Try increasing gamma if dark sections aren't distinguished

Try increasing gamma if dark sections aren't distinguished

Monday, October 8, 2018

spacex falcon 9 10/7/2018 launch

Why the 10/7/2018 falcon 9 launch was special:

1. it was launched from vandenberg airbase aiming south over the ocean
so it could be seen all the way from los angeles to san diego
2. the launch took place after dark, so the bright rocket could be seen well
3. it was done shortly after dark, so as the rocket rose above the shadow of the earth the exhaust was back-lit by sunlight, glowing brightly in the sky, presenting a cinematic view to los angeles and orange counties
4. the first stage rocketed back to vandenberg, landing at the airbase--the first ground landing of a falcon rocket on the west coast--"the falcon has landed" crowed spacex launch control

falcon-9 10/7/2018

In this image the cone (upper left) is the second stage of the rocket heading into orbit with its satellite payload.  
to the right of this, the exhaust (above the earth's shadow) is brightly lit by the sun.
The bright spot to the right of the palm tree is the first stage rocketing back to vandenberg, you can see a swirl of maneuvering thruster exhaust adjacent to it.  

another shot, later on:

I assembled a series of stills sandy captured with her compact hand held camera into a rudimentary animation:

For information on future launches, you can subscribe to this email list
which will send launch alerts, as well has information on the more spectacular launches

image details
Sony DSC-RX100M3
f/1.8, 1/10 sec, iso 3200 9 mm
corona del mar, CA
the clouds broke just in time to give a clear view of the launch, then returned
photoshop, topaz denoise for the still shot

Wednesday, October 3, 2018

Solar minimum

the magnetic activity of the sun has an 11 year cycle:
at its peak, there are frequent sunspots, flares, etc.  while at minimum, not much is happening which is good for astronauts and satellites, not so good for aurora watchers and solar imagers.  interestingly the cycle was discovered in 1843 and then traced back to the earliest observations of sunspots by galileo.  we're now approaching solar minimum (2019).   
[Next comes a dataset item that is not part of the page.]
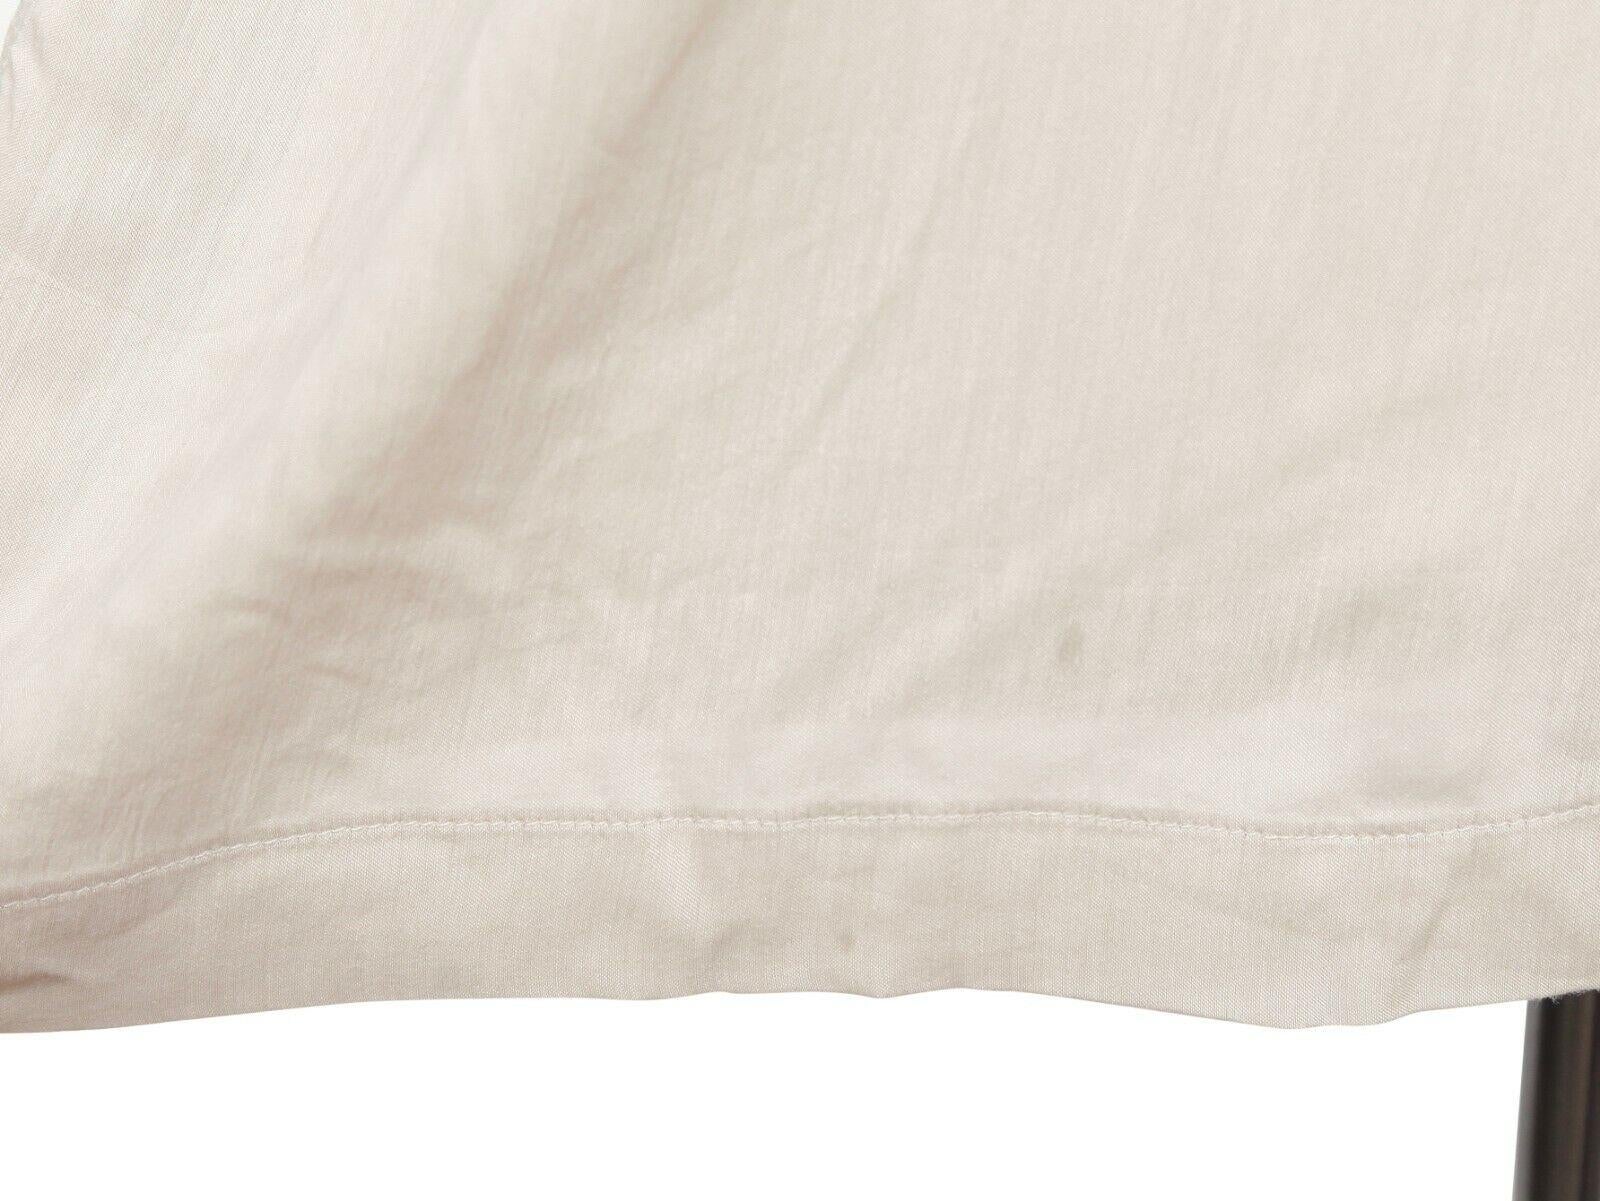 DOLCE & GABBANA Sleeveless Shirt Top Beige Buttons Viscose Silk Sz 42 For Sale 4

Here's an image of the sun from 8/25/18
Sun Ha 8/25/2018 with reverse polarity sunspot AR 2720

though difficult to detect in this hydrogen alpha image, there are pairs of small sunspots in the bright patches towards the bottom of the image.  AR 2720 to the left and AR 2719 to the right.  

the left hand pair (AR 2720) was noted to have reverse polarity and thought to be a harbinger of the next solar cycle.  However, subsequent analysis suggests that the pair were not part of the new cycle, based on their position on the solar surface.  

interestingly, the folks who study this closely are ham radio operators, as solar activity blanks out their radios.

Image details:
Ha full disk Lunt 60 PT/50 DS double stacked
zwo ASI 174MM
1.194 ms exposure
gain 223
15 frames captured
8/25/18 21:50 UT
adding an IR/UV blocking filter did not seem to have much effect (was wondering if there's some leakage)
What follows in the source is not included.